Modality Adaption or Regularization? A Case Study on End-to-End Speech Translation
This work addresses the data scarcity problem in end-to-end speech translation, offering insights into model optimization for low-resource tasks, though it is incremental as it builds on existing pre-training and fine-tuning paradigms.
The paper investigates whether modality adaptation or regularization is more critical for end-to-end speech translation, finding that regularization significantly improves performance, achieving BLEU scores of 29.0 for en-de and 40.3 for en-fr on the MuST-C dataset.

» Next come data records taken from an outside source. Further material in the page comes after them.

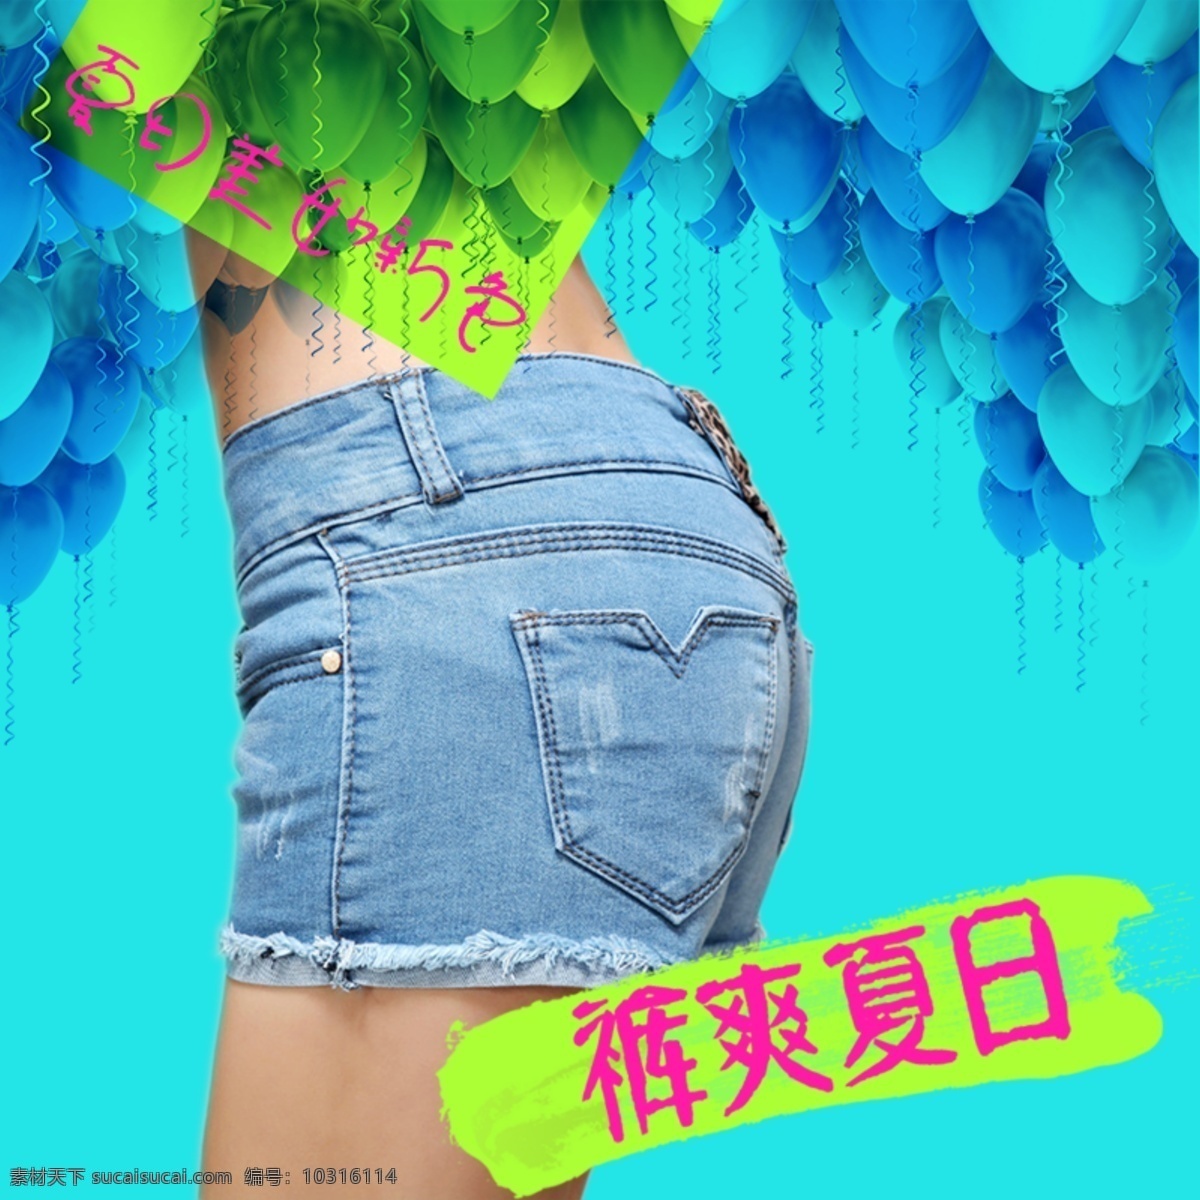 夏季热裤 夏季 热裤 新潮 女裤 女装 青色 天蓝色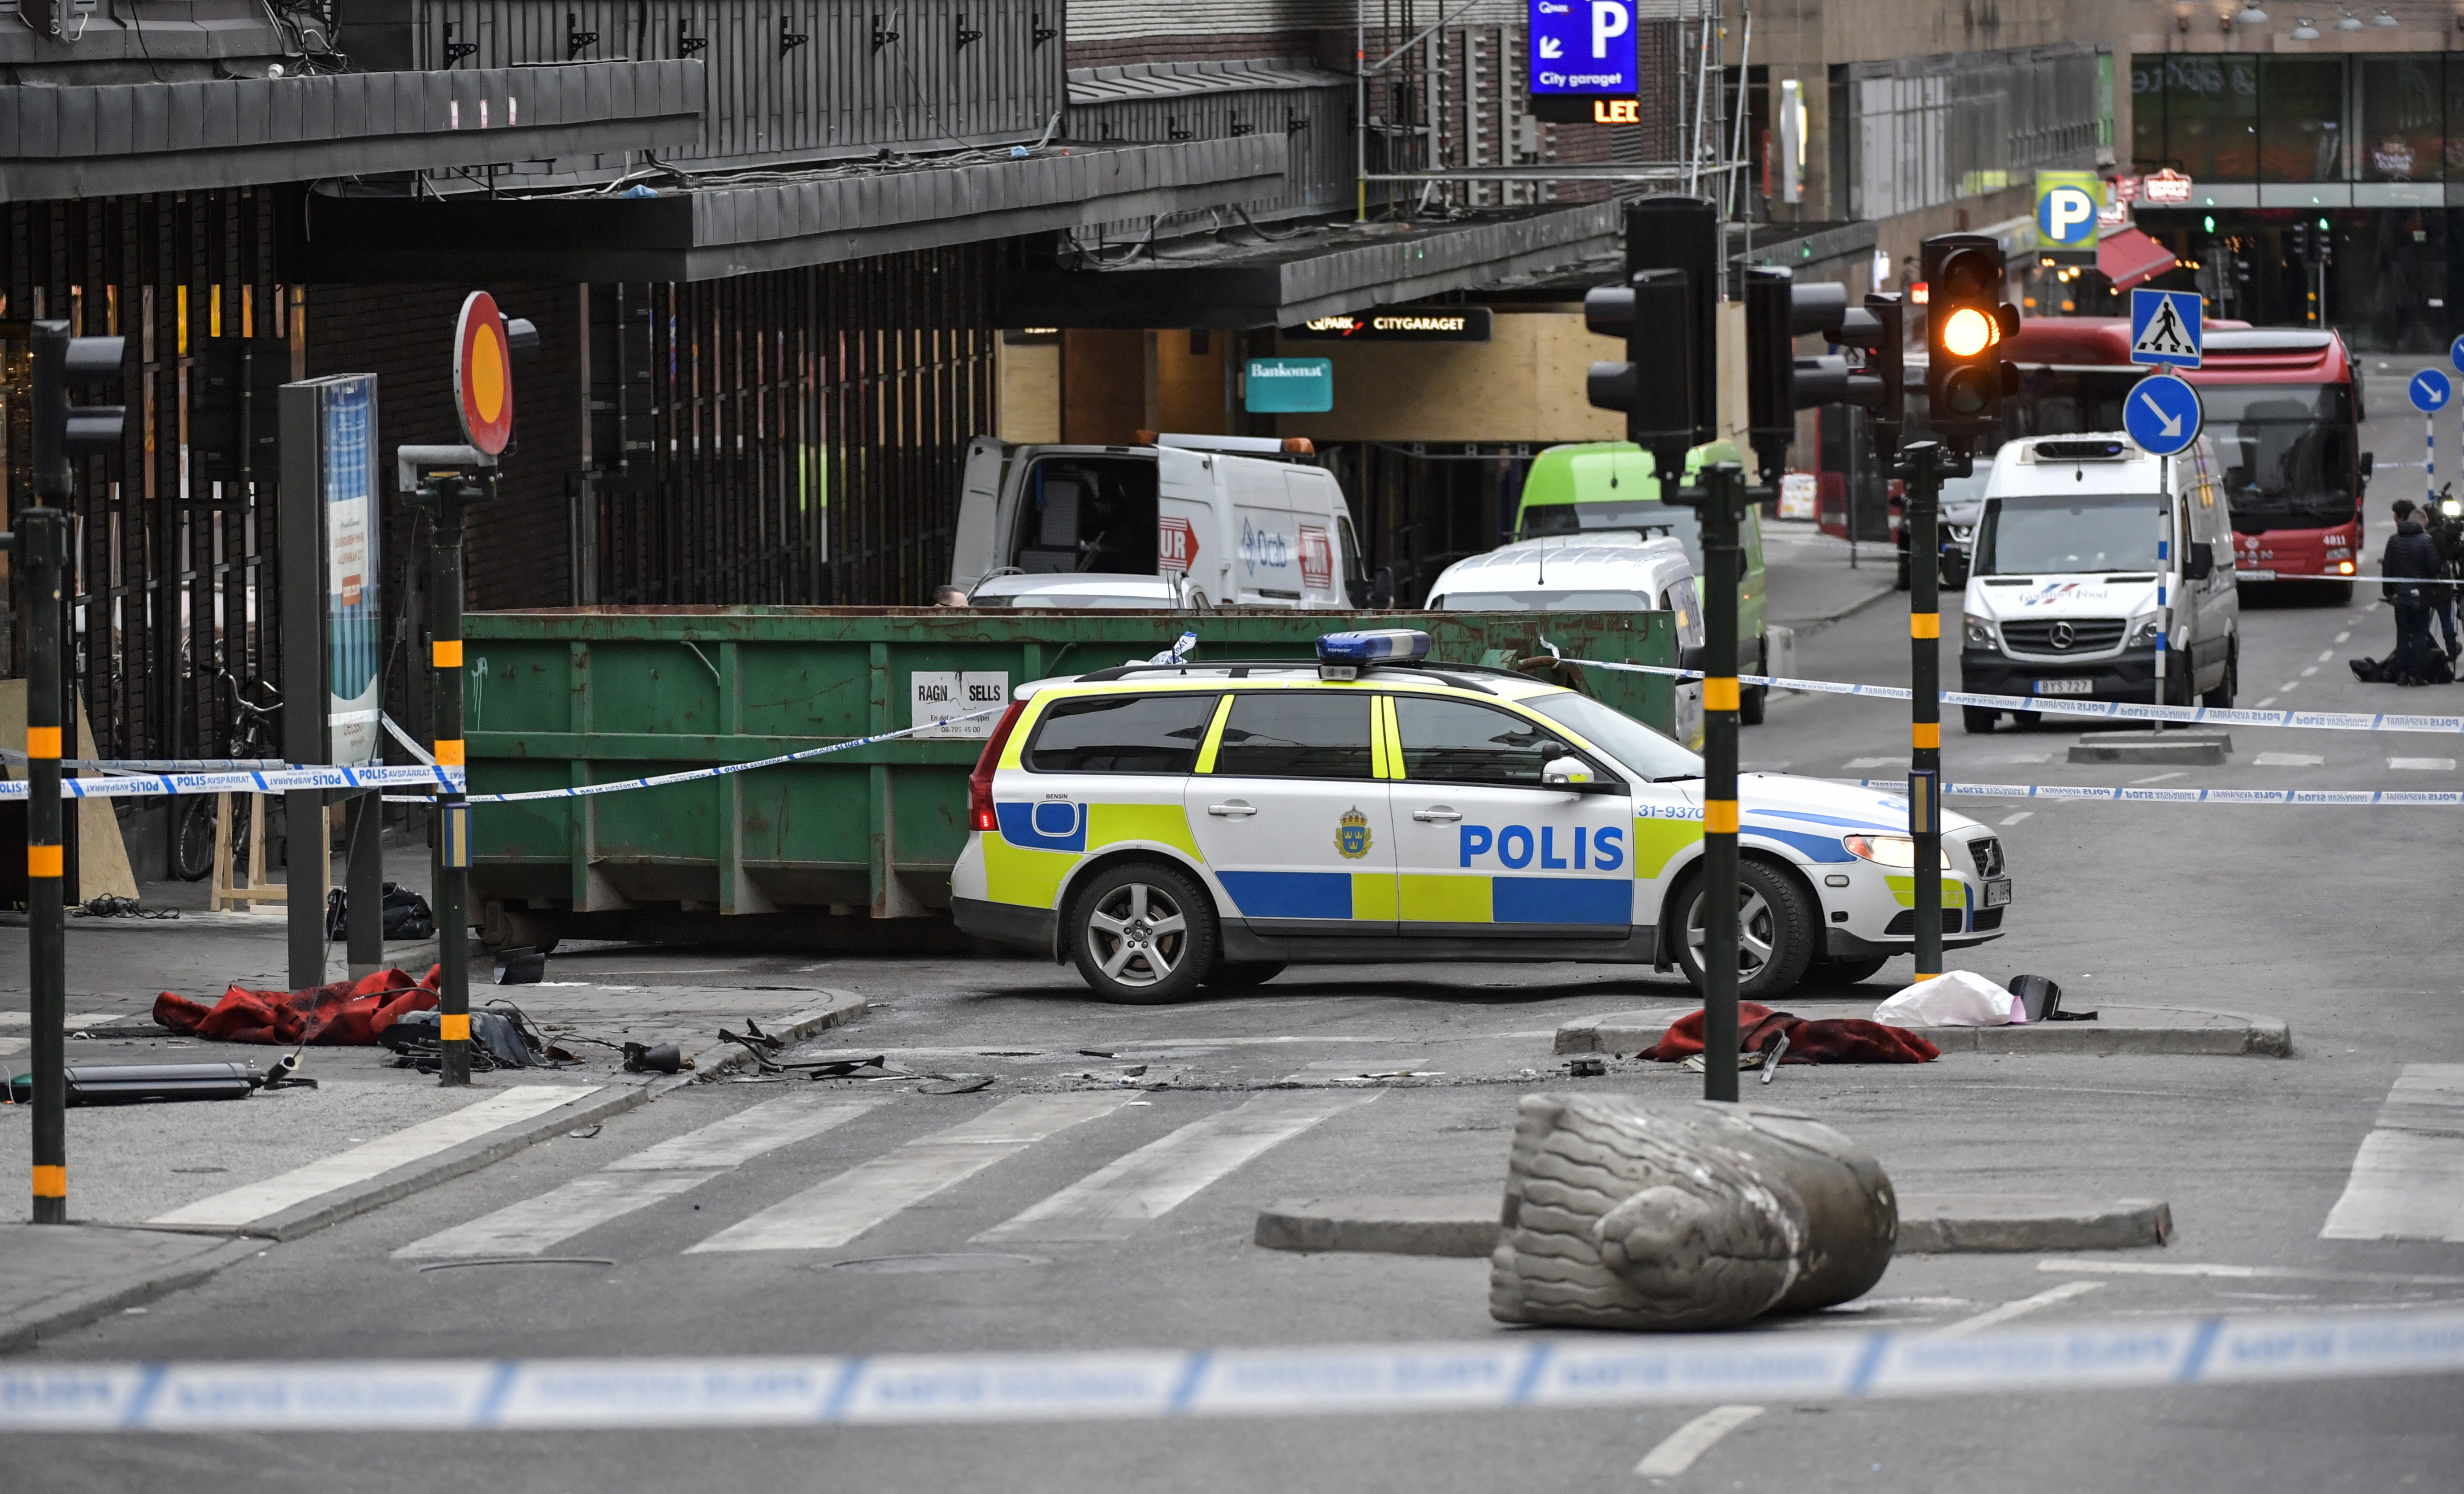 Las autoridades investigan un objeto encontrado dentro del camión usado para el ataque, que podría ser un explosivo.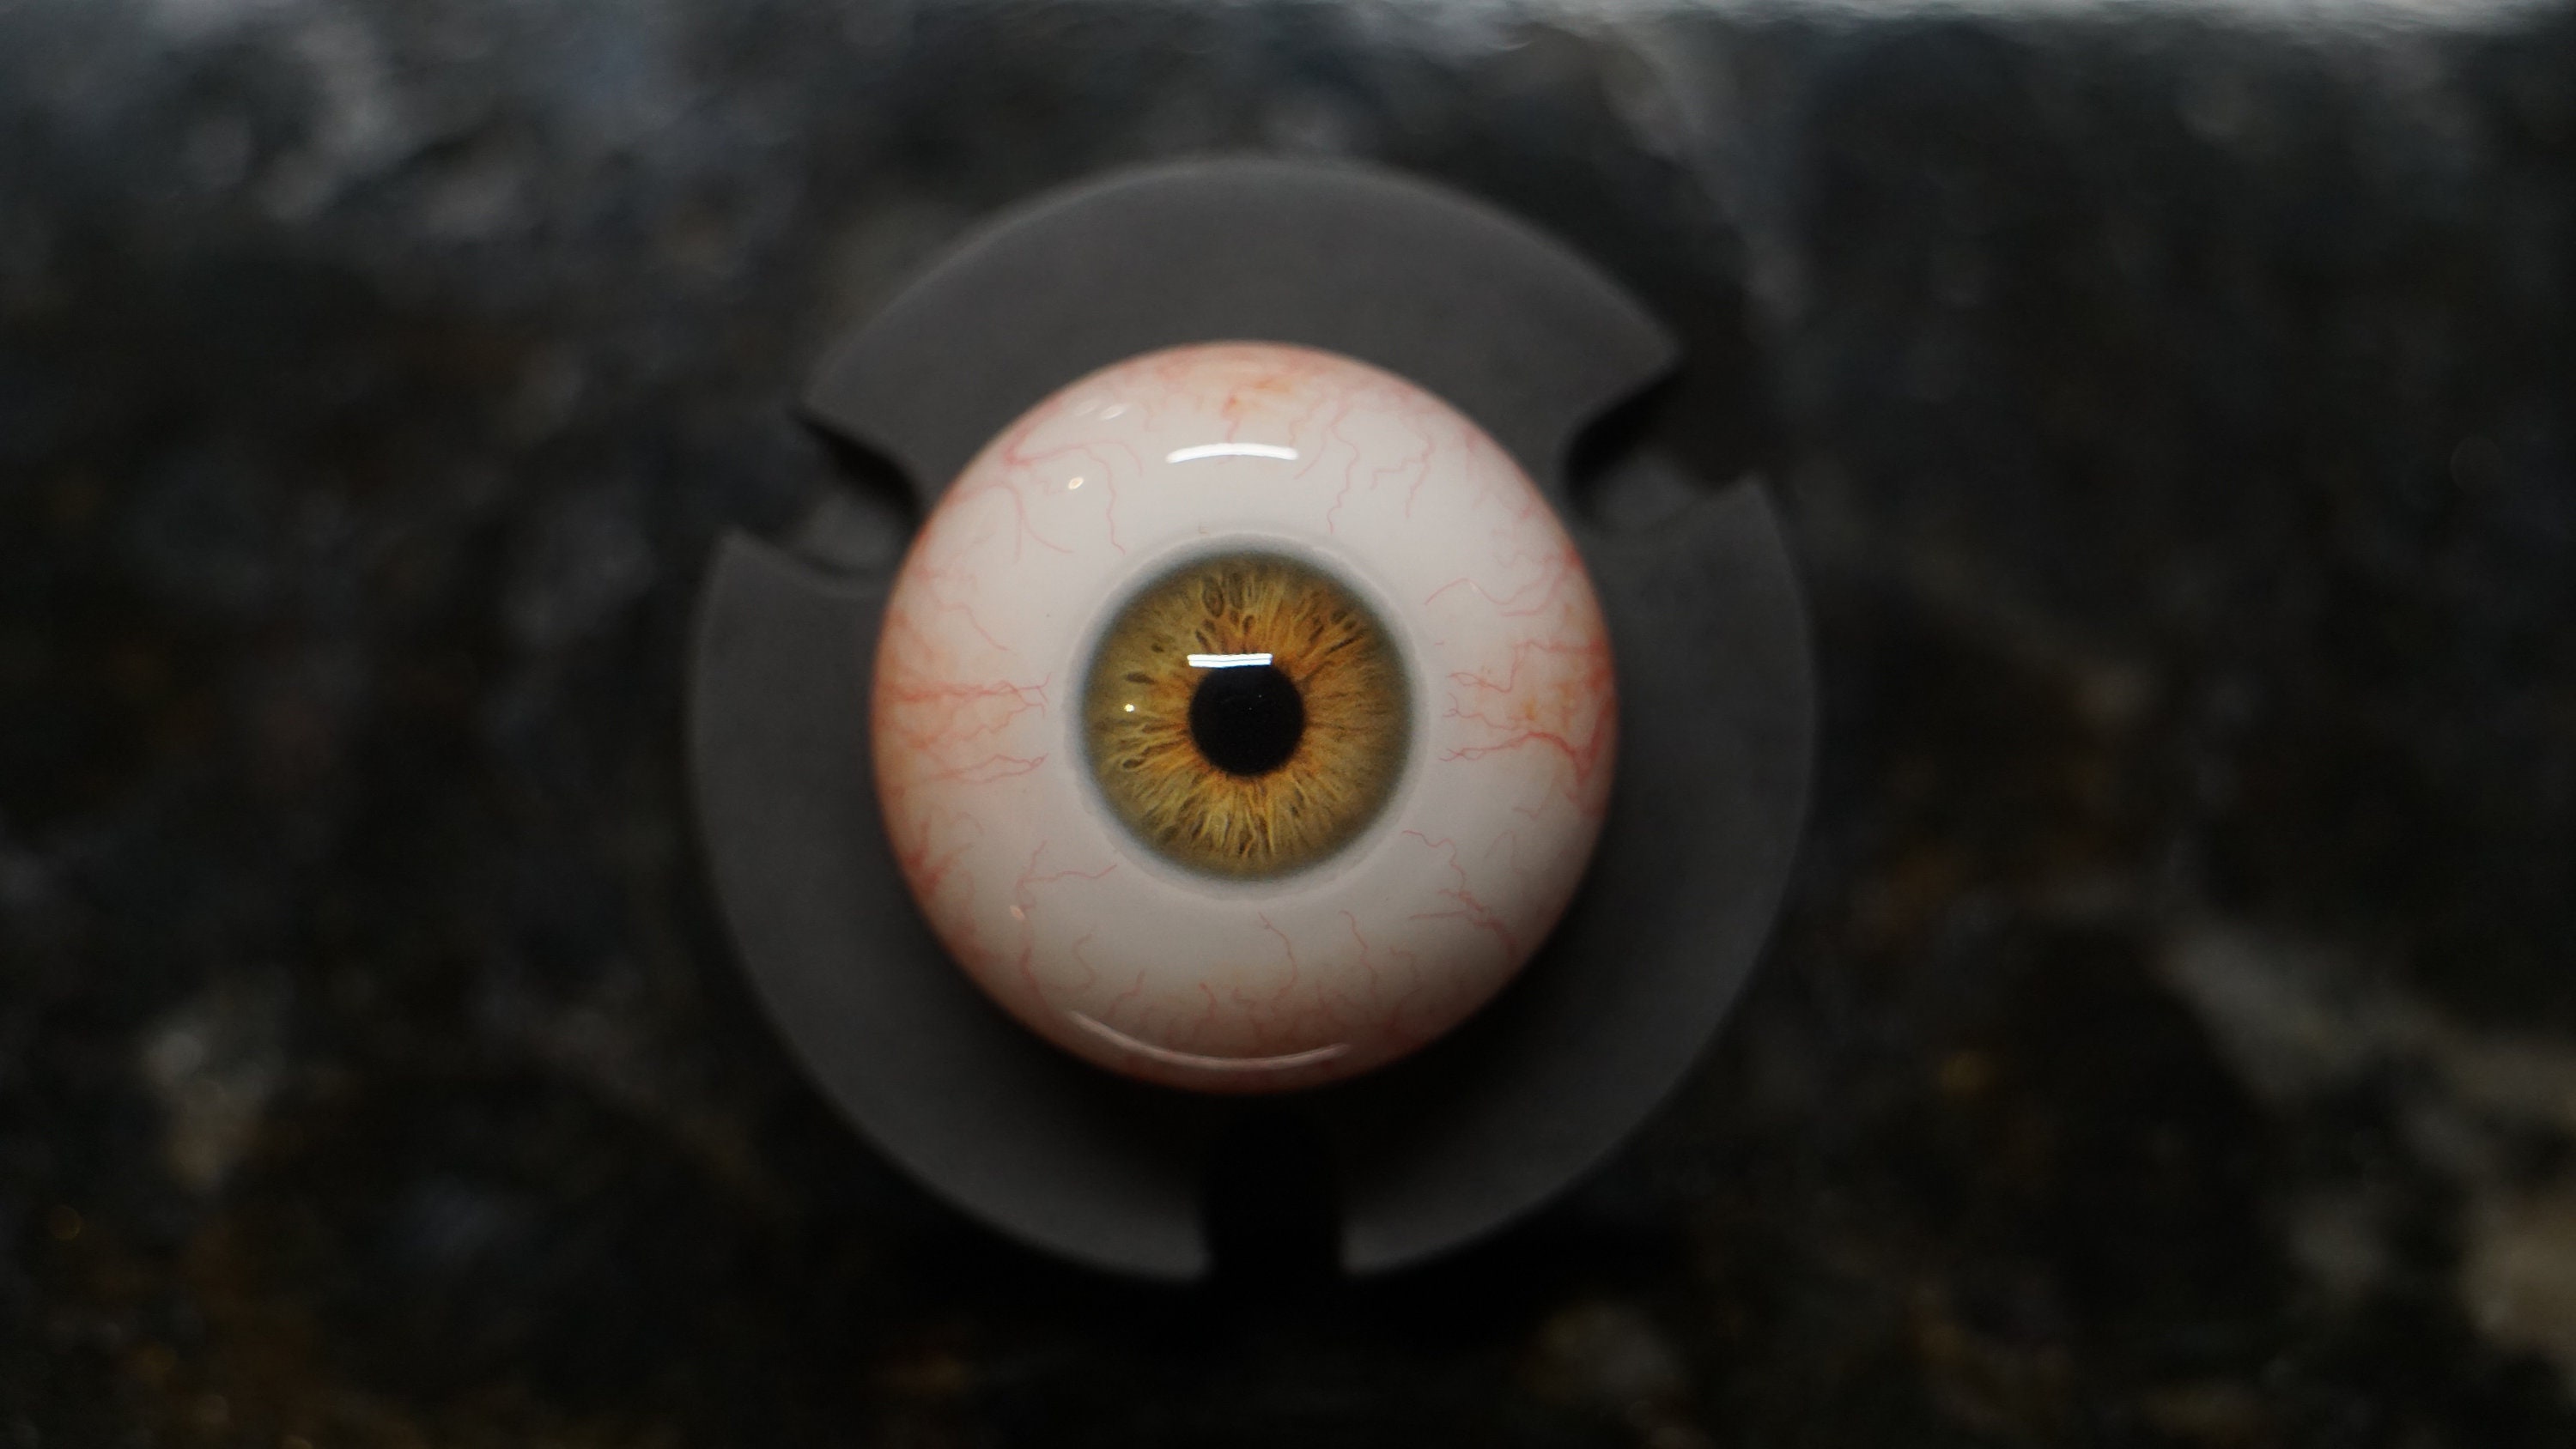 Dream Weaver Eye, Galaxy, Solar System, Eyes, Eye, Dream, Nightmare, Eye  Ball, Fake Eyes, Resin Eyes, Acrylic Eyes, Doll Eyes, BJD

Pre-training and fine-tuning is a paradigm for alleviating the data scarcity problem in end-to-end speech translation (E2E ST). The commonplace "modality gap" between speech and text data often leads to inconsistent inputs between pre-training and fine-tuning. However, we observe that this gap occurs in the early stages of fine-tuning, but does not have a major impact on the final performance. On the other hand, we find that there has another gap, which we call the "capacity gap": high resource tasks (such as ASR and MT) always require a large model to fit, when the model is reused for a low resource task (E2E ST), it will get a sub-optimal performance due to the over-fitting. In a case study, we find that the regularization plays a more important role than the well-designed modality adaption method, which achieves 29.0 for en-de and 40.3 for en-fr on the MuST-C dataset. Code and models are available at https://github.com/hannlp/TAB.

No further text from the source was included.